なにより、この不利な勝負の賭けにシャールは自分の命を賭けることになるのだ。
「アルバンにも期待されたし、へんな癖がつく前にケリをつけないとな」
同じ相手と長く戦うなとシャールは周囲の人間から言われている。
1人の相手と長く戦うことはその動き慣れてしまい癖がついてしまい、それは致命的な弱点になってしまうと。
勝つ気でいるシャールに刺激されたセドリックは賭けを受け、勝負が始まる。
シャールは受け流しを駆使して一気にダメージを喰らわないようにしながら戦い、セドリック相手に善戦をし、辛くも勝利をする。
立つのもやっとのシャールは、仰向けに倒れるセドリックが意識を失っているとわかると自分も地面に倒れた。
そして、どこからともなく現れたアルバンの手によって二人はシャールの自宅に運ばれた。
セドリックが目を覚ますと、既にシャールは目を覚ましていて使用人に甲斐甲斐しく世話を焼かれては――いなかった。
自分で腕の包帯を巻いていて、やけに手馴れている。
体じゅうセドリックと同じように包帯だらけで、幼い涙目の弟に抱きつかれて体の痛みと離れない弟に困っていた。
「おう、起きたか」
「ここは?」
「俺の家」
状況はわりとすんなり飲み込めたセドリックは息を吐くとシャールに勝者の願いはと尋ねた。
セドリックたちの世界じゃ、弱い奴は強い奴に従うしかなく嫌なら下克上しかない。
勝てるはずの勝負で負けたセドリックはシャールと戦う意思はないようだ。
「うちの使用人になること。
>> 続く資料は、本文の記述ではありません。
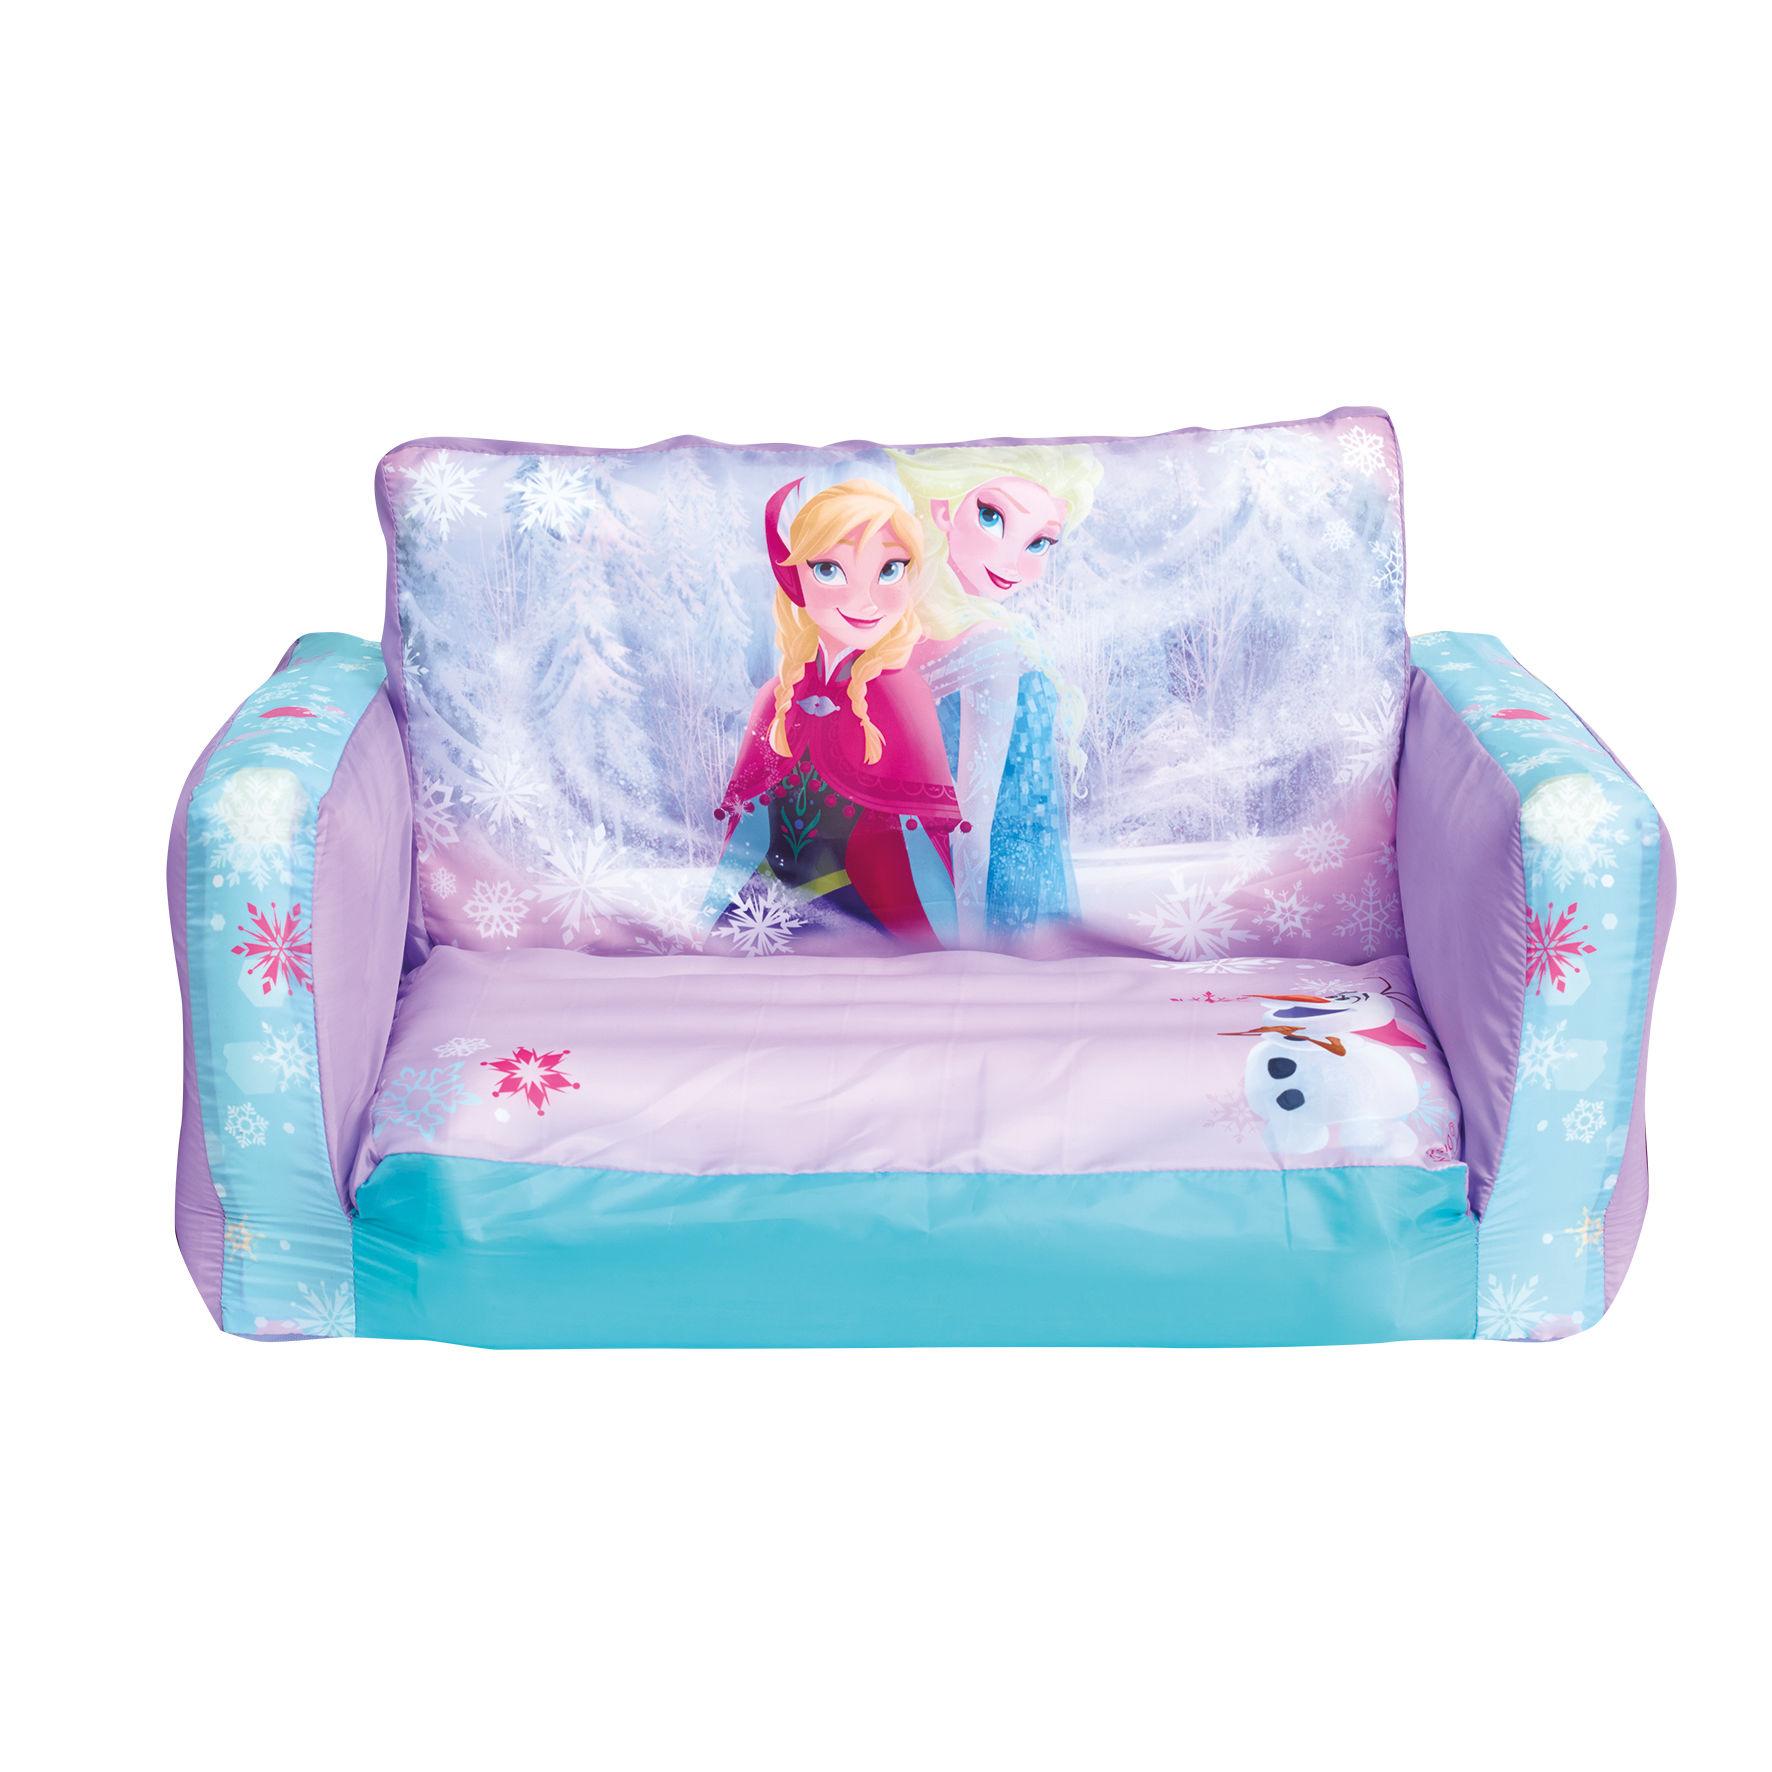 Disney eisk nigin frozen aufblasbares kindersofa couch for Jugendzimmer couch bett
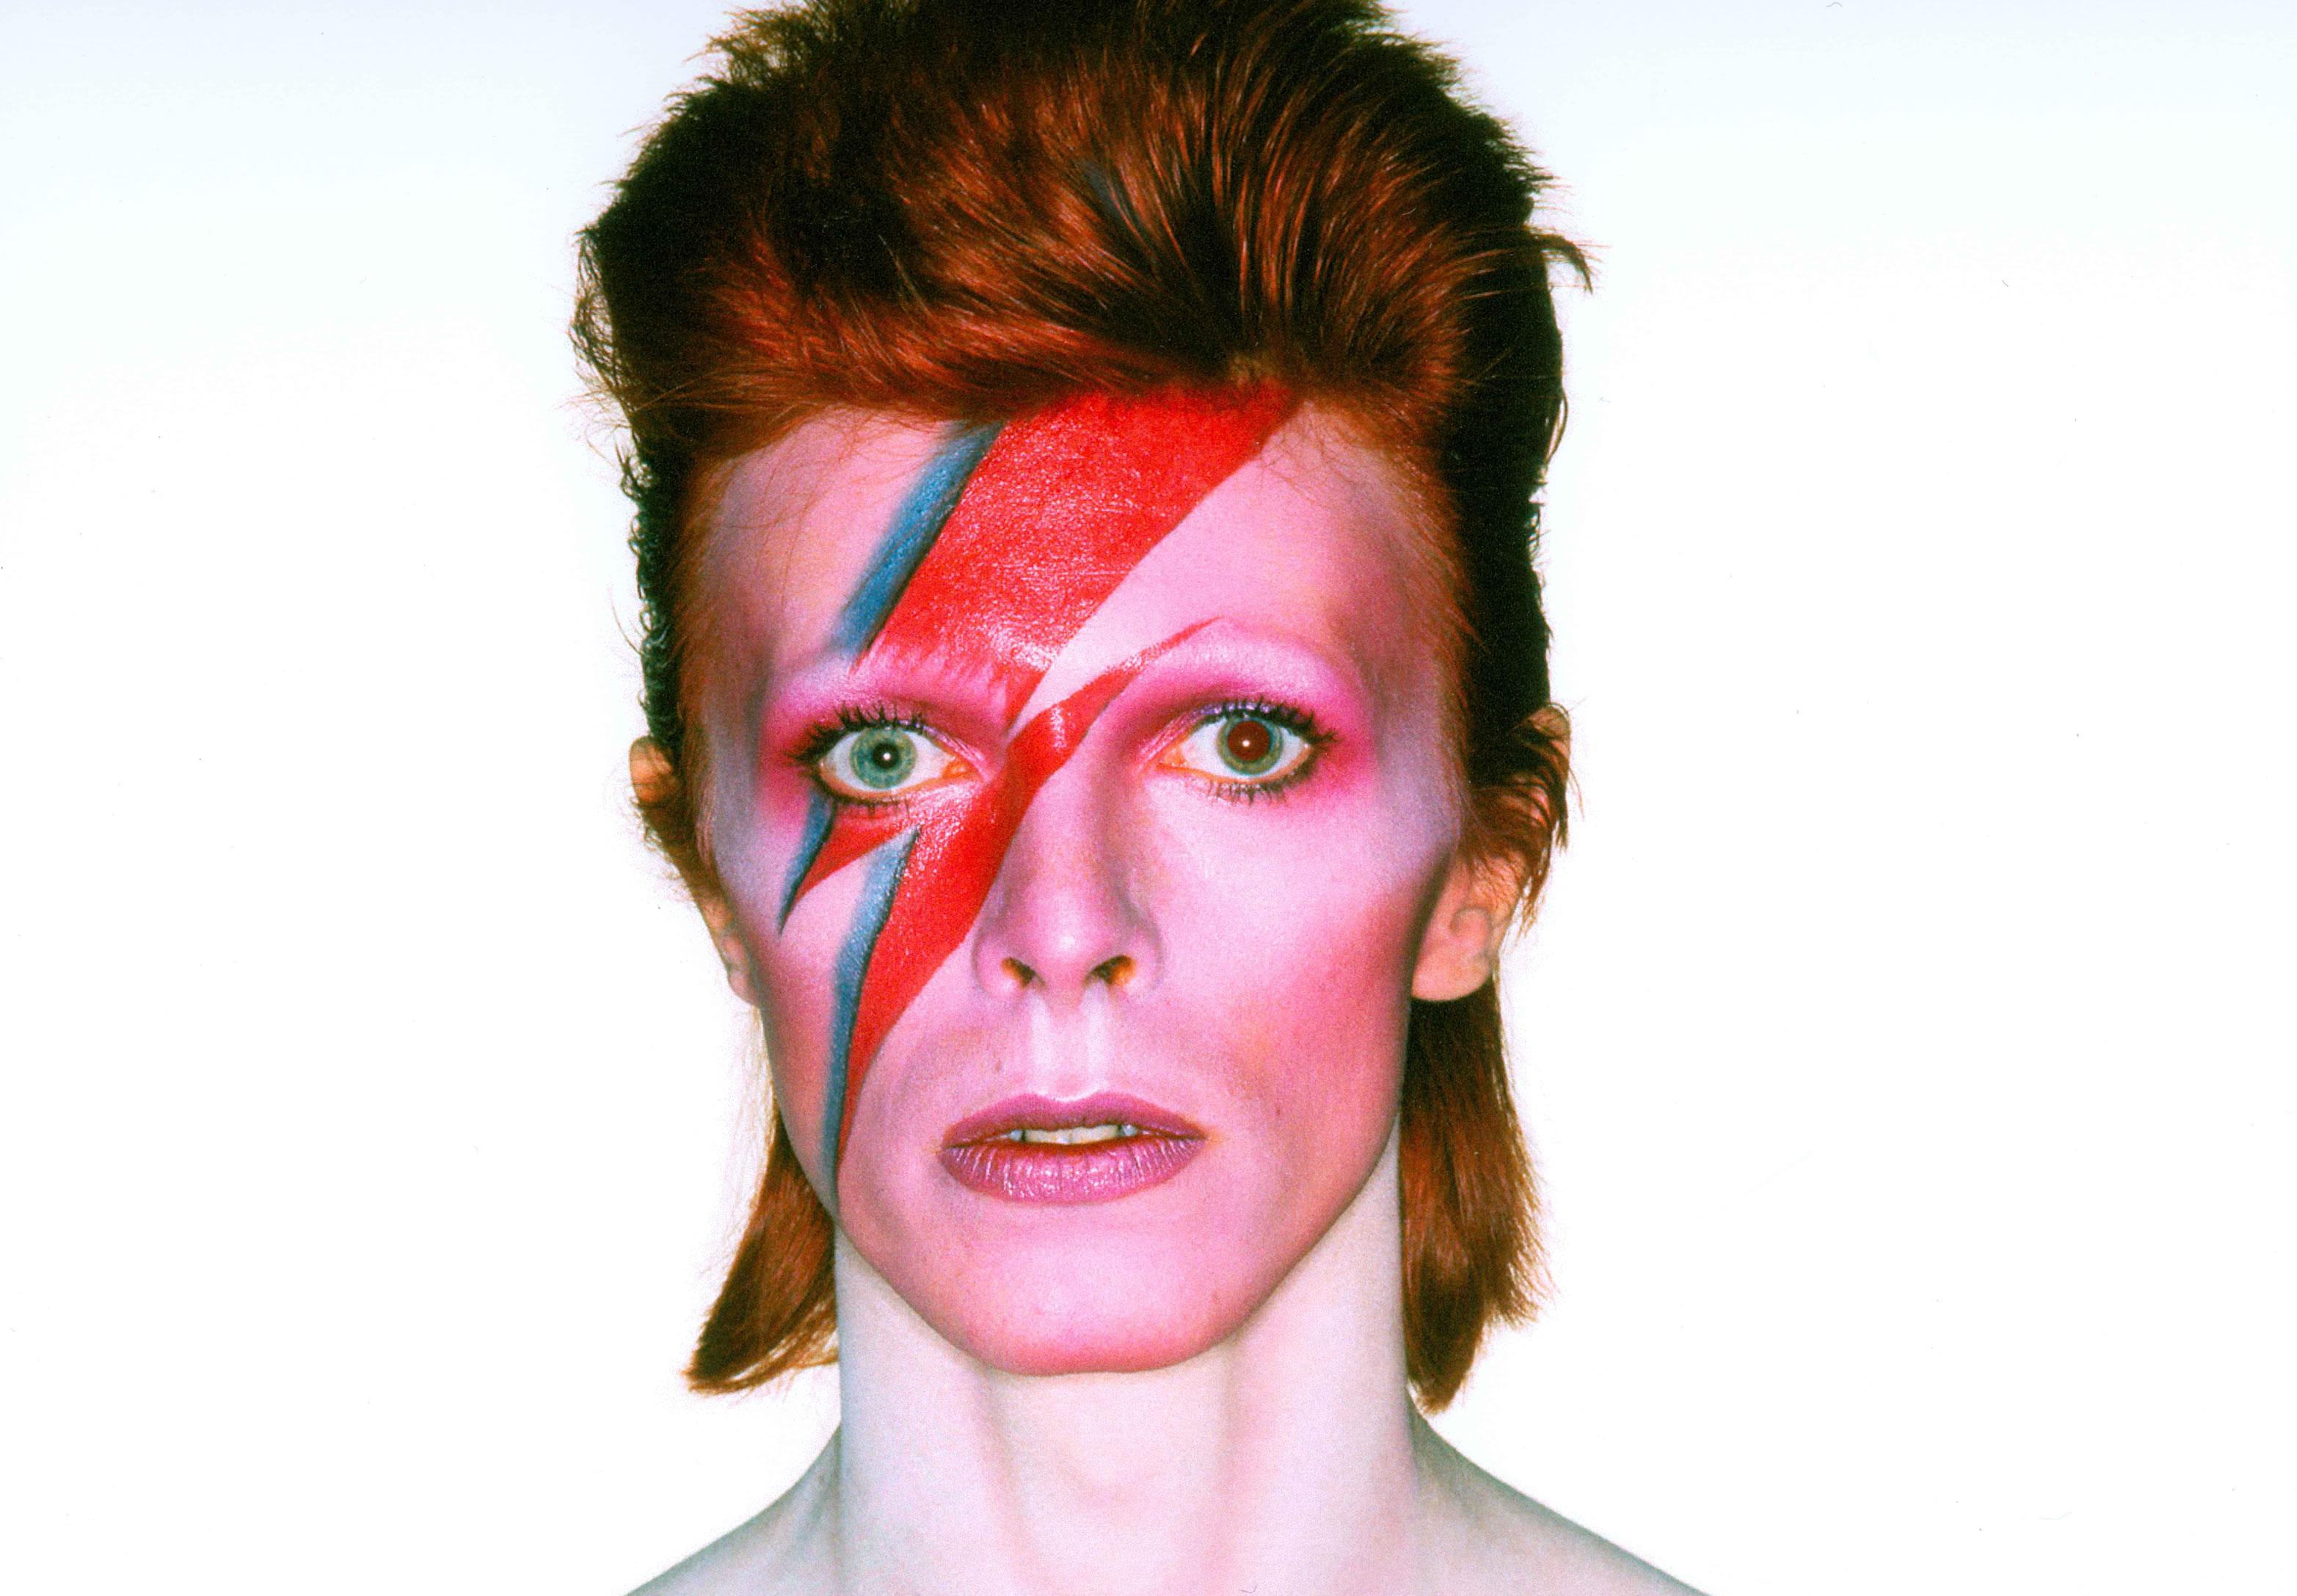 David Bowie: Exposição, obras e 1 ano de saudades

俺の専属ってことにしとく」
「正気とは思えない」
自分を狙うなとか雇い主を教えろとかなら理解はできるが、使用人として、まして自分を狙っているやつを専属にするというのは正気の沙汰ではない。
セドリックでなくてもそう思うはずだ。
「ああ、お前は知らないのか」
シャールは弟を自分の隣に座るように促して、使用人を呼んだ。
「誰か来てくれ!」
すると、数秒の後天井から女性が一人と扉からアルバンがやってくる。
「はーい」
「お呼びでしょうか、シャール様」
どちらも音を立てずに現れ、目の前に来るまでセドリックは気配を感じ取れなかった。
「は――なんだ、この家」
二人の気配を感じなかったことで、セドリックはこの家の気配のなさに気がついた。
どう考えてもおかしい。
使用人はいる。
ただ、気配を隠して音を立てずに動いているかのようだ。
今のセドリックが感じ取れたのは、自分に向けられたピリピリとした殺気でとても素人が出せるものでない。同業者なのだろう。
セドリックの様子に気がついたアルバンは穏やかな笑みを浮かべる
「ですので、シャール様がセドリック様をお雇いになることに何の問題もございません」
「そーゆーこと。ね、それより依頼者教えてよ」
女性は唇を舐めて愉快そうな笑みを浮かべるが、アルバンにすでに交渉は終えていると言われて落胆していた。
負けたからには従うしかないのだが、依頼者とのいざこざの心配はなさそうだ。
それからセドリックは無事にクレヴァン家の使用人として働くことになるのだが、先住たちは手練ればかりで苦労の日々が続き、やっと新入りが入ってきても、彼女はちょっと気の強いだけの普通の女の子のため立場は大してかわることはなかった。
シャールの父というか、クレヴァン家はこうやって使用人を増やしてきました。